Veja esta maravilha, em que ele, mensageiro de um estúdio, vai levar uns papéis para a sala vazia do chefão, em “Mocinho Encrenqueiro”, a encontra vazia e viaja.
Na noite de quinta, durante o debate na Globo, assisti “Artistas e Modelos”, um dos muitos filmes que ele fez com Dean Martin. Foi uma maravilhosa troca. A cena em que Shirley MacLaine canta para ele... Ela, fazendo a desajeitada, com voz quase tão esganiçada quanto a dele. Ele, sem fala, dá um show. Veja cada vez que ele, num balé desajeitado, pega as coisas do chão. Ela não fica atrás. É uma daquelas que fazem a vida valer à pena. Veja:
Ver cenas isoladas não causa a mesma sensação.

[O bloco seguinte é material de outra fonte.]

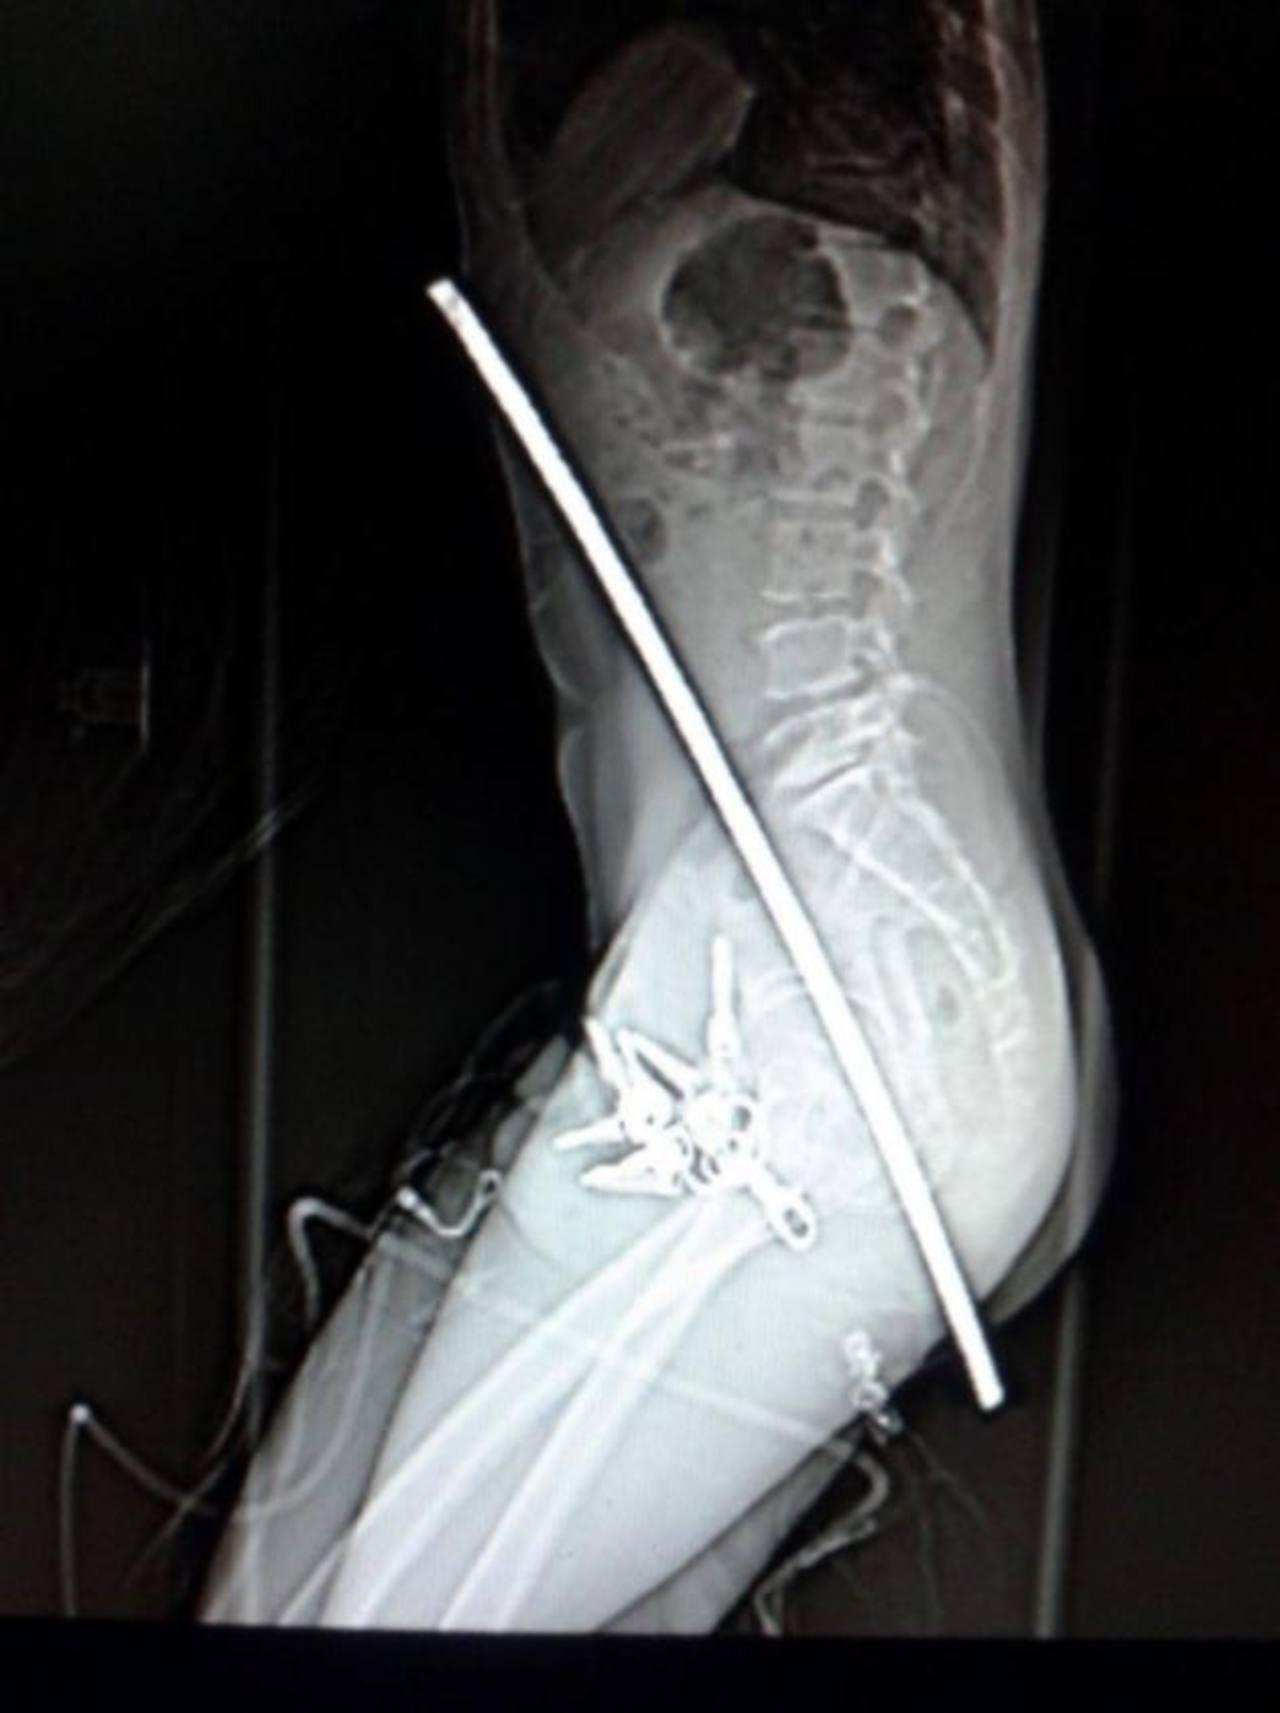 Trabajador cae de andamio y se incrusta barra de metal

Essas são as grandes cenas, mas há beleza e pequenas maravilhas espalhadas por todo o filme. E como falei lá atrás, as pequenas coisas nos encantam e nos dão alegria de viver.
Troque seu livrinho de auto-ajuda por um bom filme do Jerry Lewis. Há, em DVD, “O Otário”, “Errado prá Cachorro” e “O Professor Aloprado”. Este último é um baita filme, talvez seu melhor, e certamente uma das melhores comédias de todos os tempos. Qualquer dia falo só dele. Ah, não confunda com aquelas chatices do Eddy "Chato" Murphy, nada a ver.

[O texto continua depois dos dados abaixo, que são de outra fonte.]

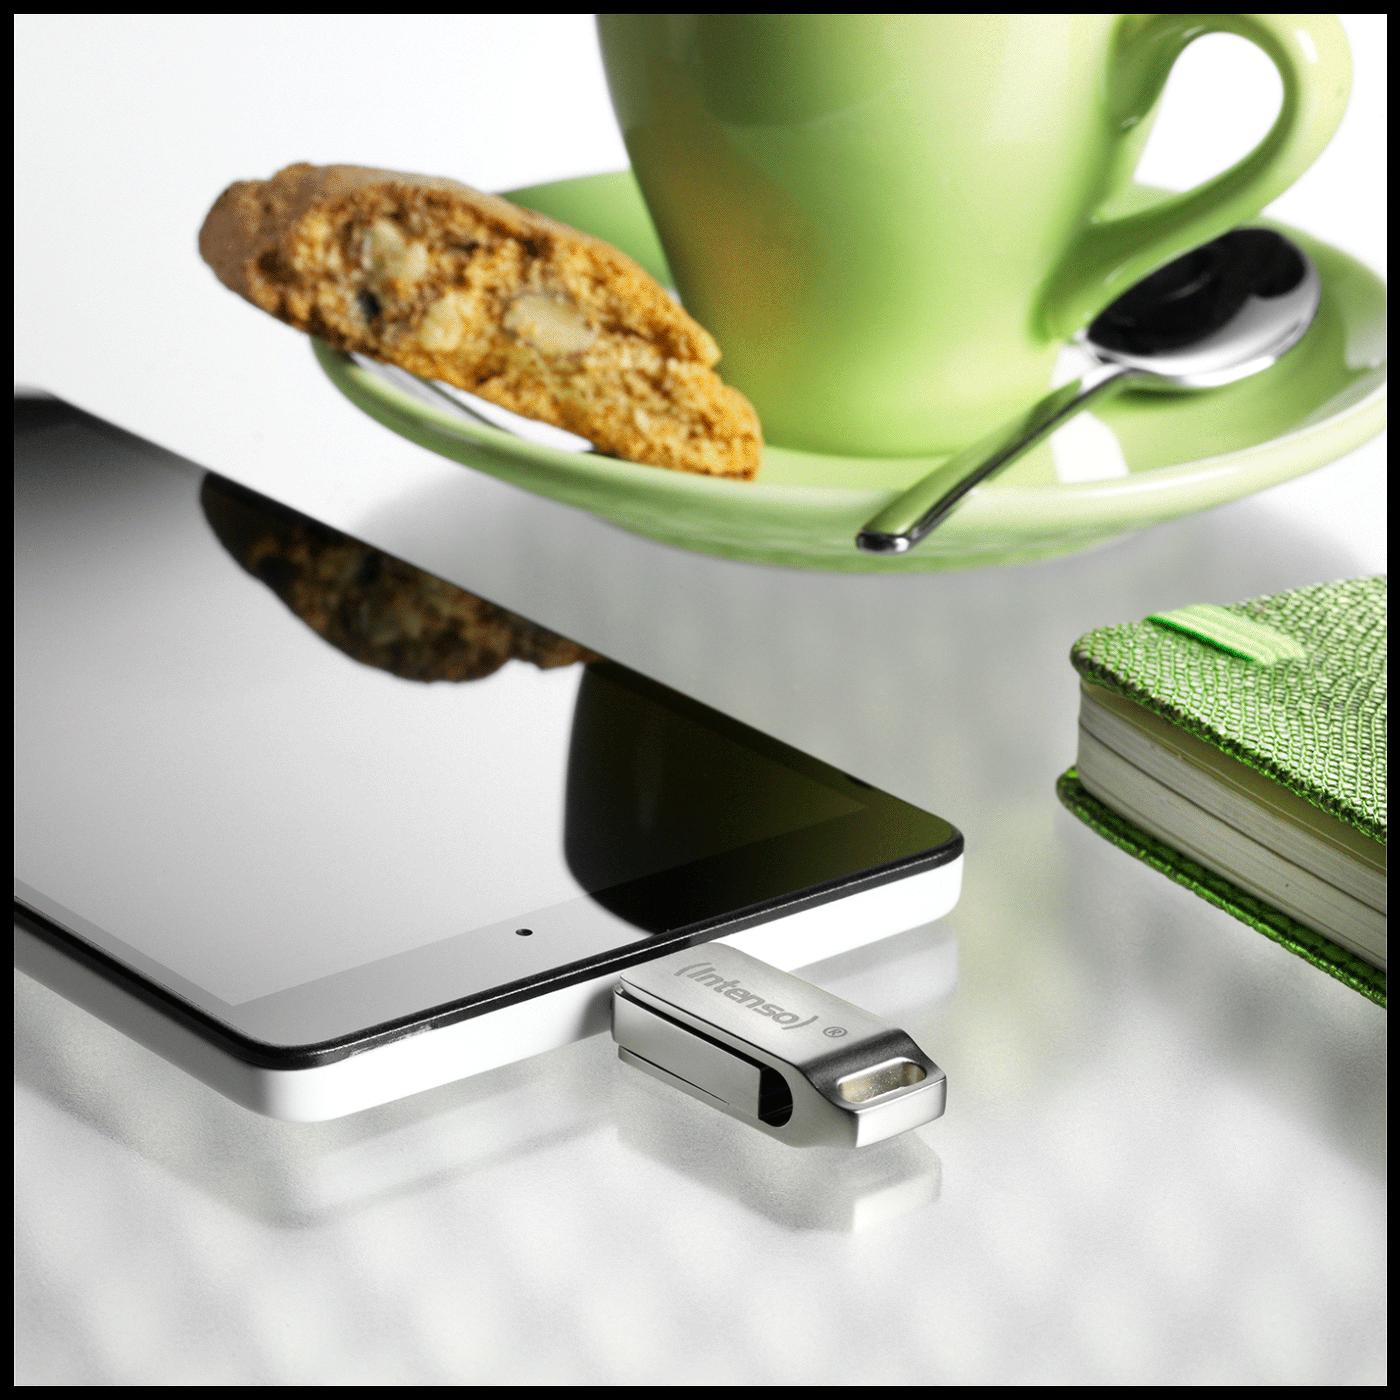 USB Flash drive 64GB Hi-Speed USB 3.0, Micro USB C port

Prá encerrar: quando eu me encanto com um radiante “oi, tudo bem” ou uma grama nascendo depois da seca, percebo que as coisas simples, na verdade, não são assim tão simples. Pelo contrário, são, em si, grandes conquistas, pequenas maravilhas pelas quais vale à pena viver.
5 comentários:
Tio Moa,
quando te conheci, no tempo em que ainda eras sobrinho, na hora pensei: "esse cara é igualzinho ao ´O Meninão´" (Filme do JL de 1955)
Moa, o simples (que na verdade é esplêndido)é poesia, a gente que pensa que tem que ser exceção... Amei o post. Bjs
Tio Môa,
(Sobre o "gaguejar diante de um esfuziante 'oi, tudo bem' dado por mulher reluzente")
O Vinicius de Moraes, definitivamente nada medroso, disse "Enquanto eu tiver língua e dedo, mulher nenhuma me mete medo".
Dizem que como resposta veio uma declaração do Adoniran Barbosa, mais ou menos assim: "Num sei cumé qui são as muié do Rio, mas aqui em SumPaulo, elas num qué sabê di cuver, elas qué sabê di armoçá"
- Não sei se você sabe, tio Môa, que o Vinicius e o Adoniran não se bicavam. O Vinicius criticou muito o samba paulistano cantado "errado", sem o formato do samba branquelo carioca(...)Ele se redimiu depois de velho, quando, em parceria com o Adoniran, compôs a maravilhosa, incrível, lindíssima 'Bom dia, tristeza' - uma das pequenas coisas pelas quais viver vale a pena.
--- Adorei o texto. JL é fantástico!
É... Definitivamente o Vinícius estava errado. Mas é comum os elitistas deixarmos de perceber as maravilhas escondidas em meio ao que consideramos lixo... E sempre é tempo de encontrá-las. Adoniran é gênio, o que pode ser comprovado com isto:
Iracema, eu nunca mais eu te vi
Iracema meu grande amor foi embora
Chorei, eu chorei de dor porque
Iracema, meu grande amor foi você
Iracema, eu sempre te dizia
Cuidado ao travessá essas ruas
Eu falava, mas você não me escuitava não
Iracema você travessô contra mão
E hoje ela vive lá no céu
E ela vive bem juntinho de nosso Senhô
De lembrança guardo somente suas meia, seus sapato
Iracema, eu perdi o seu retrato.
Isto que eram filmes bons em sessão da tarde,desfrutar de uma companhia tão maravilhosa qto jl e o que resta p/ estas crias de hoje ver?que reprisem todos,pois teriam um público certo!